A. Nathaniel "Nat" Goldhaber is an American venture capitalist, computer entrepreneur and politician. Goldhaber conceived of and helped found Maharishi International University where he serves as its Vice Chairman. He was special assistant to Lieutenant Governor William Scranton III and founder and chief executive of TOPS, a computer networking company. He served as president of the venture capital firm Cole Gilburne Goldhaber & Ariyoshi Management. He was the founding CEO of the Apple-IBM joint venture, Kaleida Labs and was the founding CEO of CyberGold, an Internet marketing company that became a public stock offering in 1999. He was the 2000 U.S. vice president candidate for the Natural Law Party and serves as the managing director of Claremont Creek Ventures, an investment firm. Goldhaber is an independent member of the Board of Directors at Chewy, Inc. Goldhaber is an ATP Pilot.

==Education==
Goldhaber received a BA in interdisciplinary studies from Maharishi International University and an MA in education from the University of California, Berkeley.
In June 2013 he received an PhD (H. C.) from Maharishi University of Management.

==Career==
In the 1960s, Goldhaber became interested in meditation and worked directly with Maharishi Mahesh Yogi, the founder of the Transcendental Meditation technique. In 1970 he proposed the establishment of and in 1971 co-founded Maharishi International University, an accredited institution in Fairfield, Iowa, In 1976, he wrote TM: an Alphabetical Guide to the Transcendental Meditation Program with Denise Denniston and Peter McWilliams.

From 1979 to 1982, Goldhaber worked in Pennsylvania politics as special assistant to the lieutenant governor William Scranton III and later as the interim director of the state's energy agency. Goldhaber left government to build a career in high technology and founded his first company, Centram Systems Inc., which developed networking for personal computers. Goldhaber was founder and chief executive of TOPS, a computer networking company which Goldhaber sold to Sun Microsystems in 1987 for $20 million. Goldhaber then served as Vice President of Sun Microsystems. Centram Systems product, called TOPS ("Transcendental Operating System"), allowed transparent file sharing among Macs, PCs, and Unix machines, using the AppleTalk protocol.

In 1989, Goldhaber became the president of Cole Gilburne Goldhaber & Ariyoshi Management, a venture capital firm specializing in high technology for computers. In 1992, IBM and Apple Computer Inc. appointed Goldhaber as president and founding CEO of their joint multi-media venture, Kaleida Labs. In 1995, Goldhaber became the founding CEO of Cybergold, an Internet marketing and payment system which went public in 1999 and merged with MyPoints.com, Inc. in August 2000 in a stock-for-stock deal worth approximately $160 million.
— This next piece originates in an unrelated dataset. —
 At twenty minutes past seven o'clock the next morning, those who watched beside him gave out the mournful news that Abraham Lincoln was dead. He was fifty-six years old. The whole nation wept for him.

Goldhaber was the Natural Law Party nominee for vice president in 2000 on the ticket with presidential candidate, John Hagelin. At the convention for a splinter faction of the Reform Party of the United States of America allied with party founder Ross Perot, Goldhaber won the nomination for vice president over candidate Lenora Fulani by a vote of 120–66. The Federal Elections Commission later decided that Buchanan and Fulani were the Reform Party's legitimate nominees.
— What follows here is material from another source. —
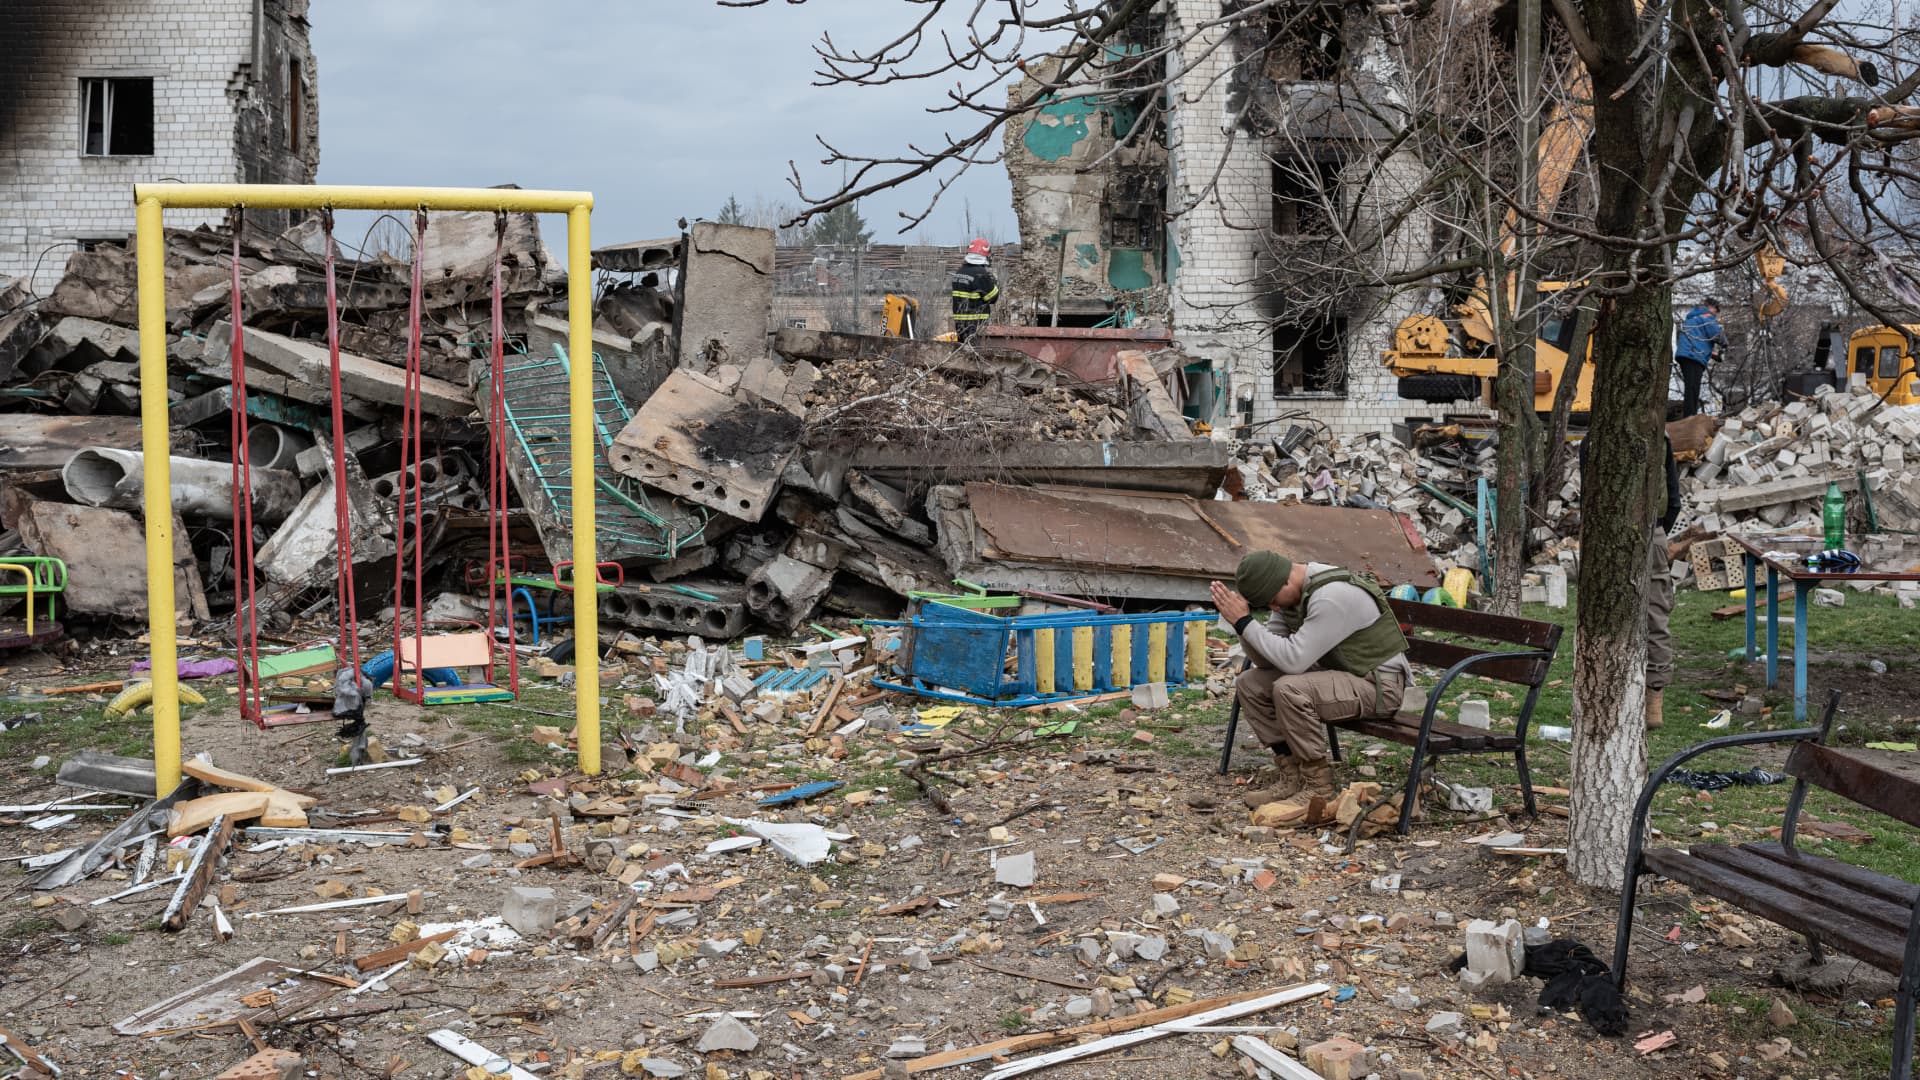 Leo, 22, a volunteer from the US, prays by the destroyed apartment building on April 9, 2022 in Borodianka, Ukraine. The Russian retreat from towns near Kyiv has revealed scores of civilian deaths and the full extent of devastation from Russia's attempt to seize the Ukrainian capital.

In 2005, Goldhaber established Oakland-based Claremont Creek Ventures with colleagues, Randy Hawks and John Steuart, specializing in clean energy and healthcare investments in the San Francisco Bay Area and around the globe. Goldhaber currently serves as managing director.

In 2011, AOL.com named Goldhaber resident expert at Claremont Creek Ventures on energy conservation and management systems and one of the "Top Five Clean Energy VCs and Principals" in the US.

In 2012, Goldhaber and Claremont Creek Ventures commissioned a study by graduate students at the University of Michigan Erb Institute for Global Sustainable Enterprise that determined that the United States could reach energy independence through significant penetration of electric and natural gas vehicles into the market, and increased public and private sector investment in renewables, energy efficiency technologies and North American oil reserves. The results of this study were released at the UC Berkeley BERC Energy Symposium.

In 2025, Goldhaber was appointed an Independent Director of Chewy, Inc.

==Other==
The National Academies of Science, Engineering, Medicine: Division on Engineering and Physical Sciences appointed Goldhaber to its Board on Energy and Environmental Systems.

Goldhaber is a member of the US Secret Service Electronics Crime Taskforce and an emeritus Member of the Federation of American Scientists.

He was a friend of Electronic Frontier Foundation founder, the late John Perry Barlow.

He served as Special Deputy and was former Commander San Francisco Sheriff's Air Squadron

Goldhaber flies his own aircraft, an SF50 G2+ VisionJet, and flies part 135 charter for SkyDance Air. Goldhaber is an ATP Pilot with Jet ratings for CE525S, CE750 and SF50.

==Personal life==
Goldhaber lives in San Antonio TX, with his wife, Marilyn.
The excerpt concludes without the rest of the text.